▶ WHAT YOU NEED TO DO
The output should be every line below, retyped exactly, with no images.

▶ MATERIAL PROVIDED

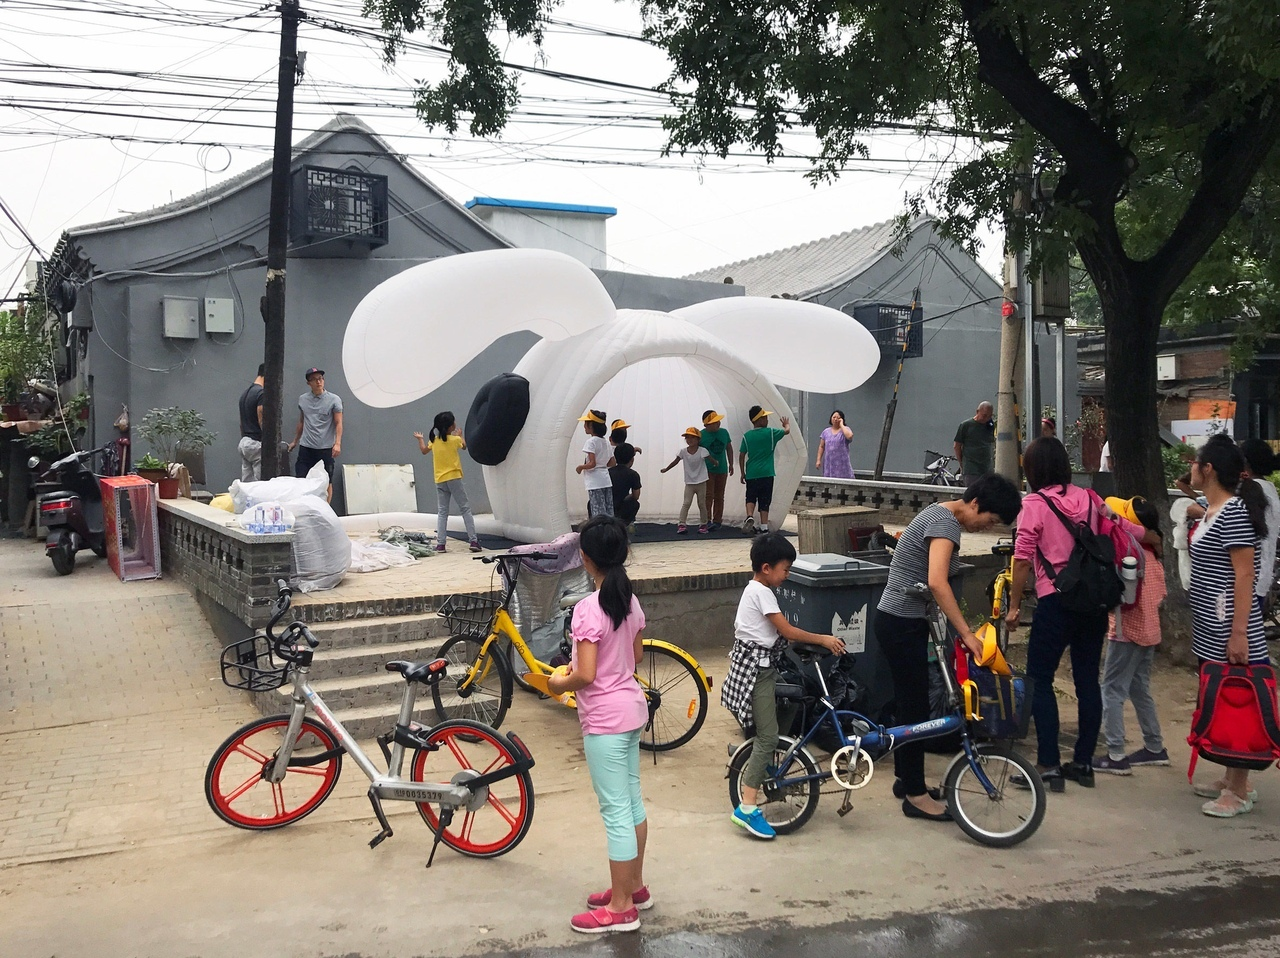 MAD creates inflatable pavilion shaped like a rabbit's head
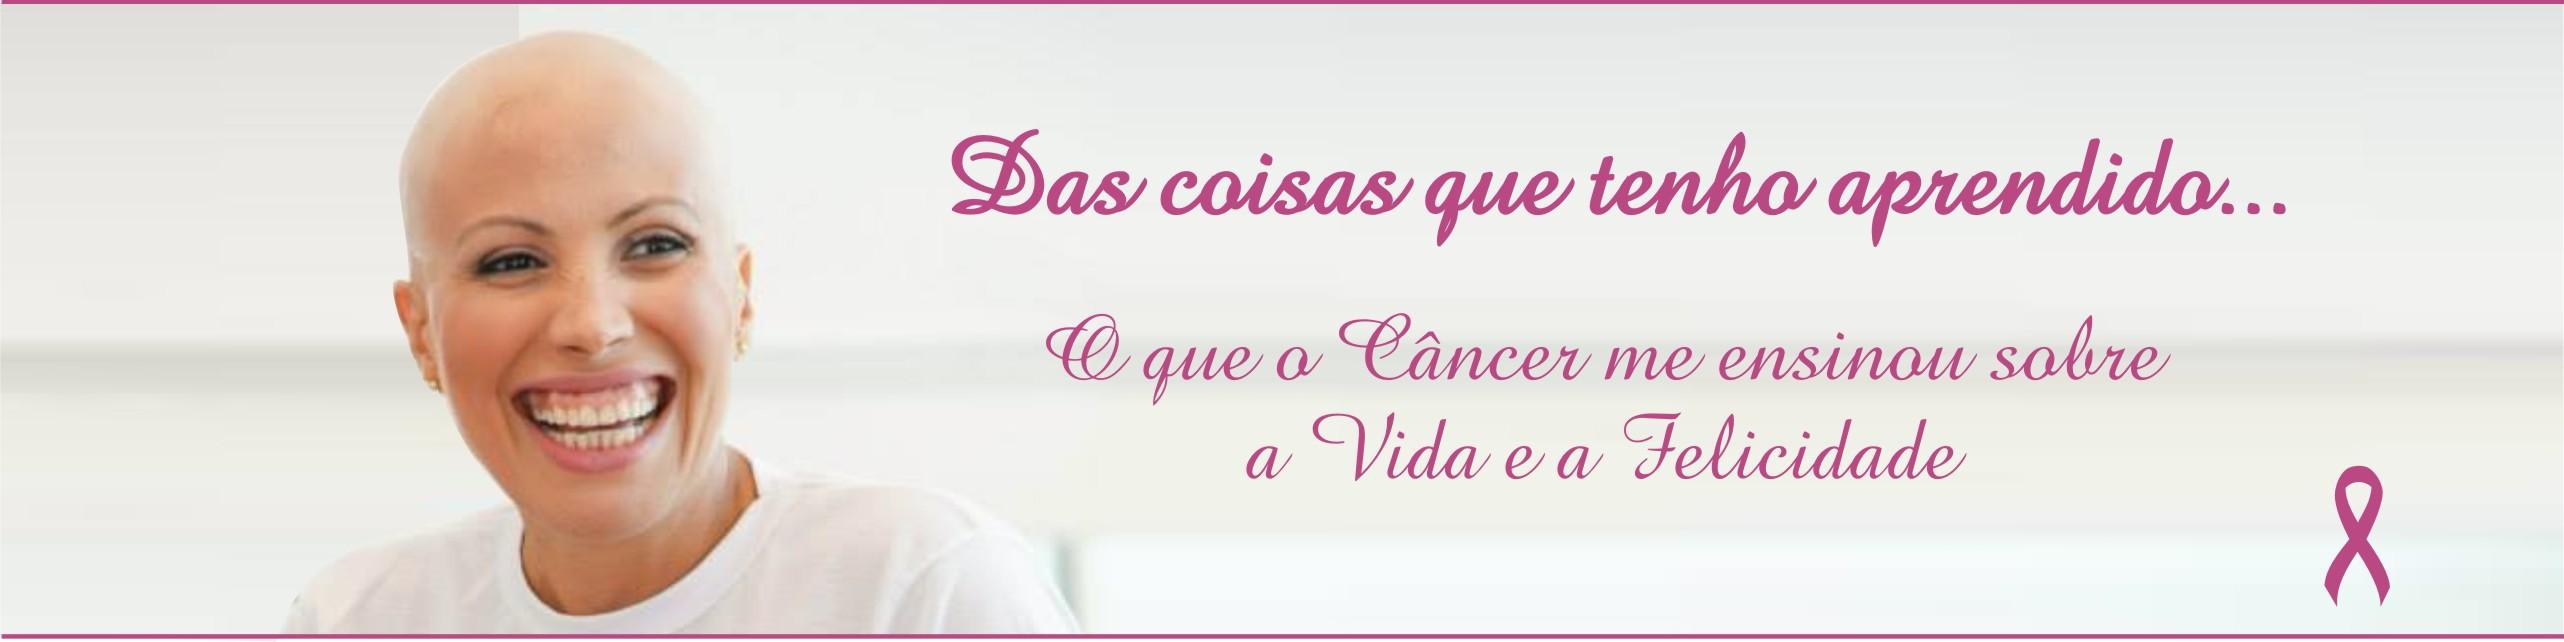 Como Enfrentar o Câncer Quimioterapia Tratamento
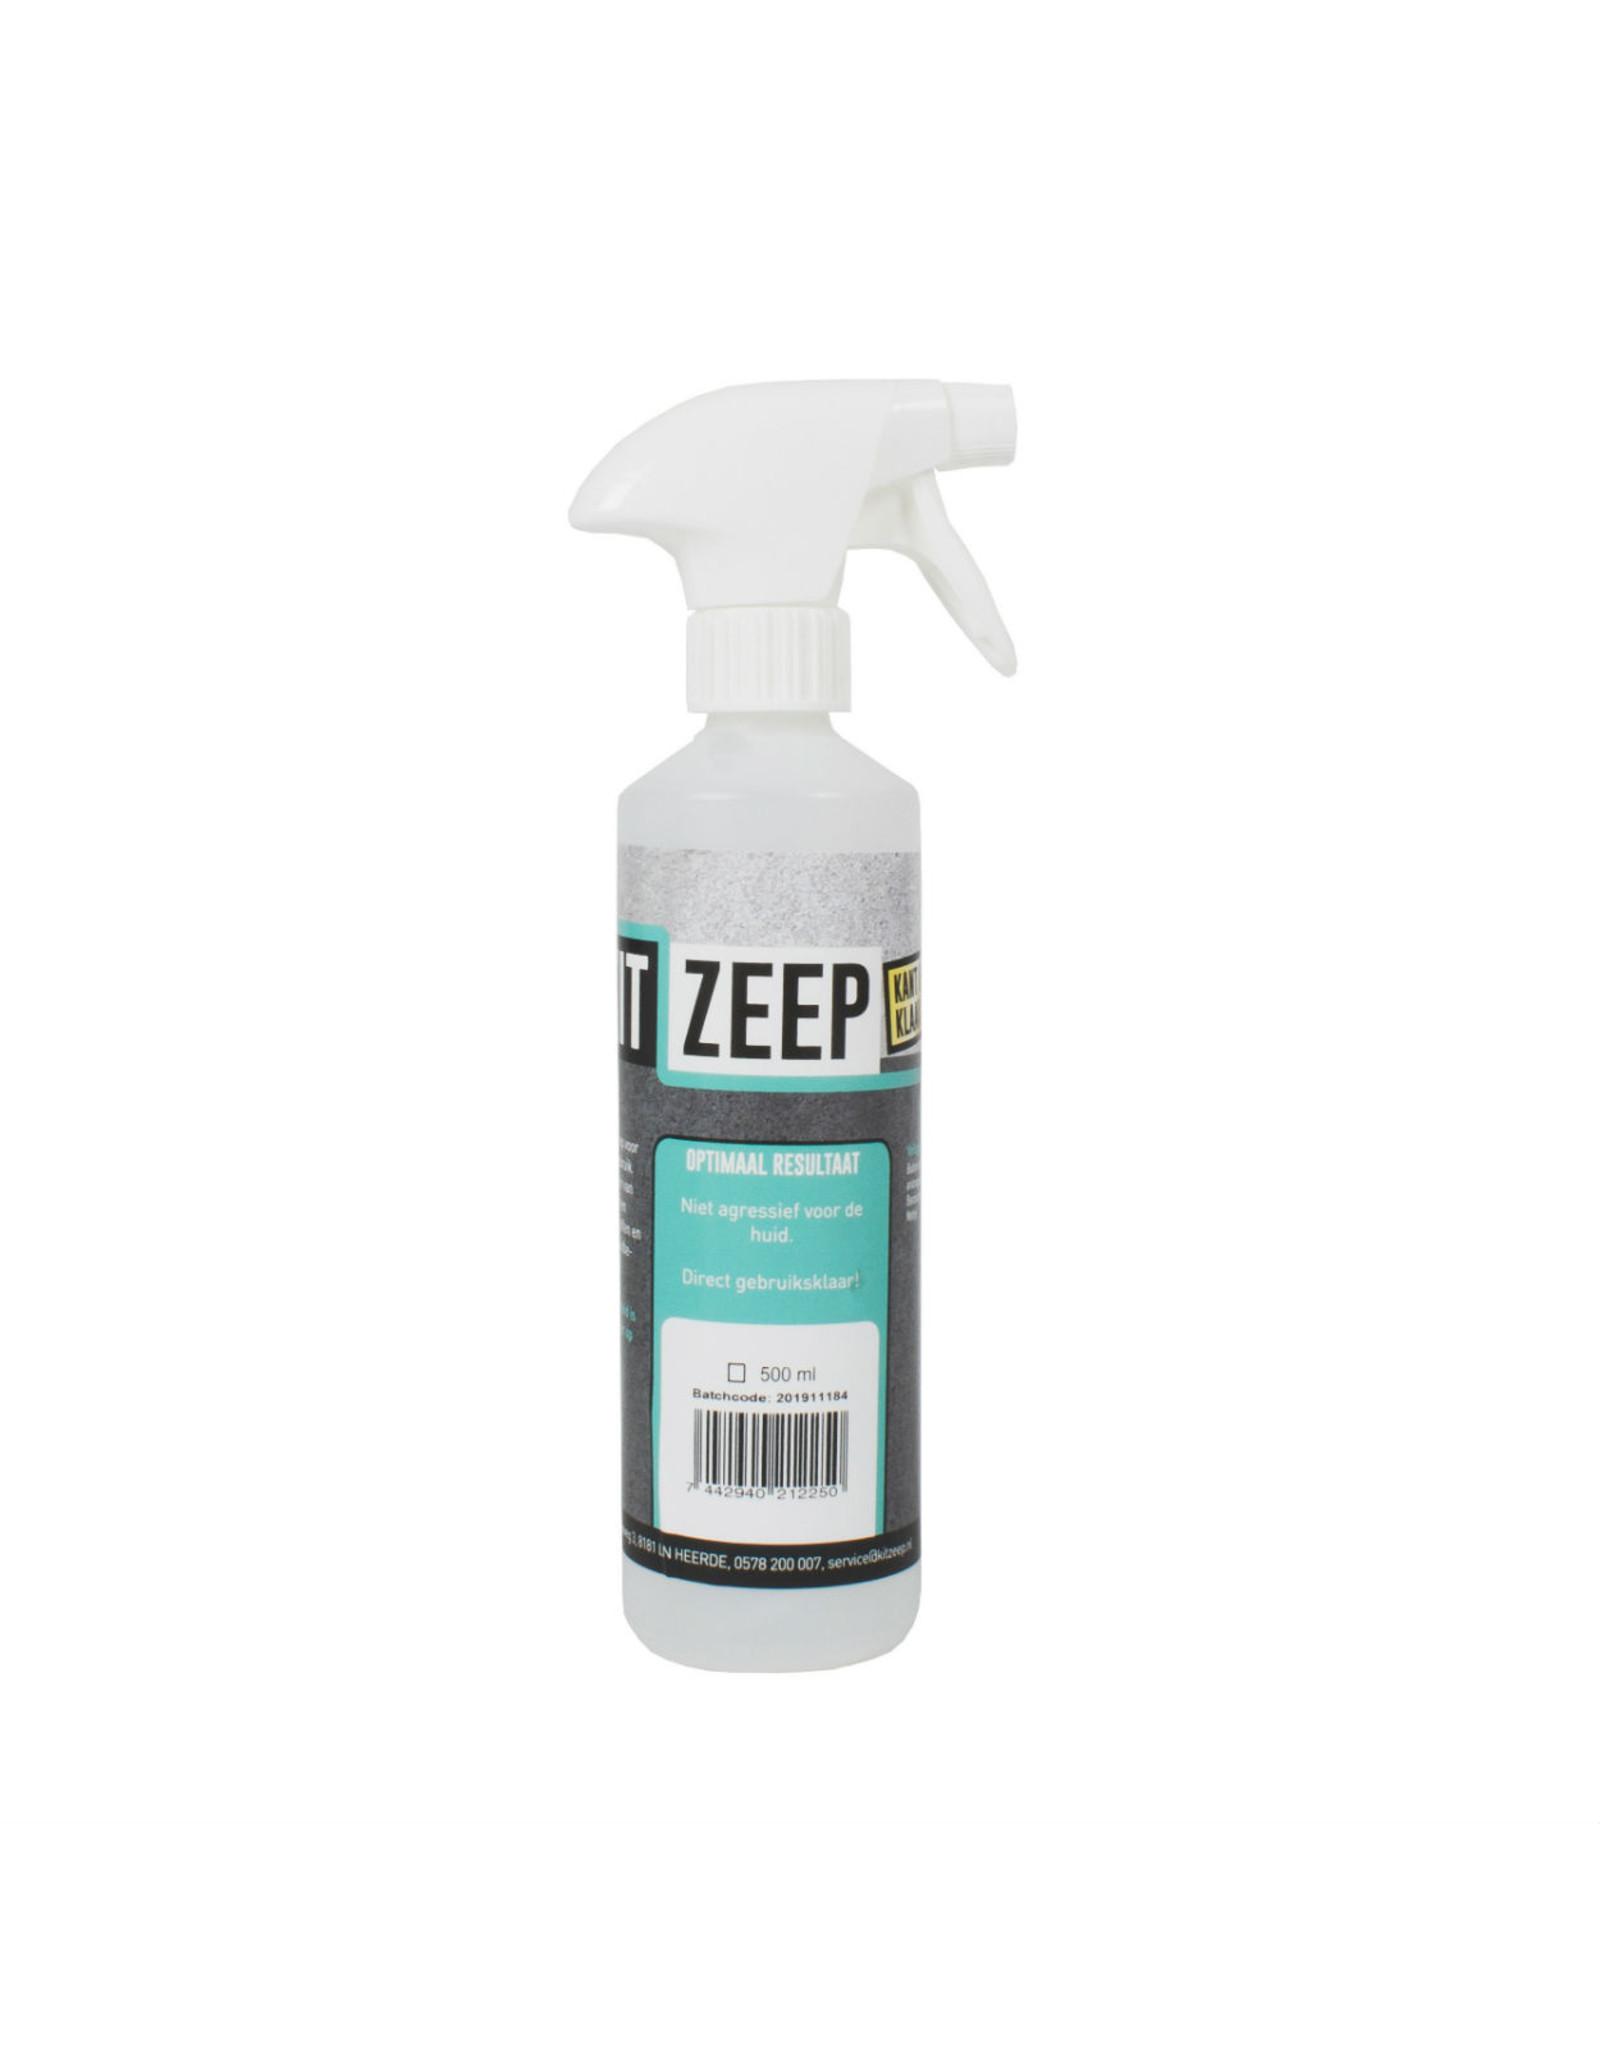 Kitzeep Kant & Klaar 500 ml sprayfles

▶ RESPONSE TO THE EXERCISE
 MAD creates inflatable pavilion shaped like a rabbit's head
 Como Enfrentar o Câncer Quimioterapia Tratamento
 Kitzeep Kant & Klaar 500 ml sprayfles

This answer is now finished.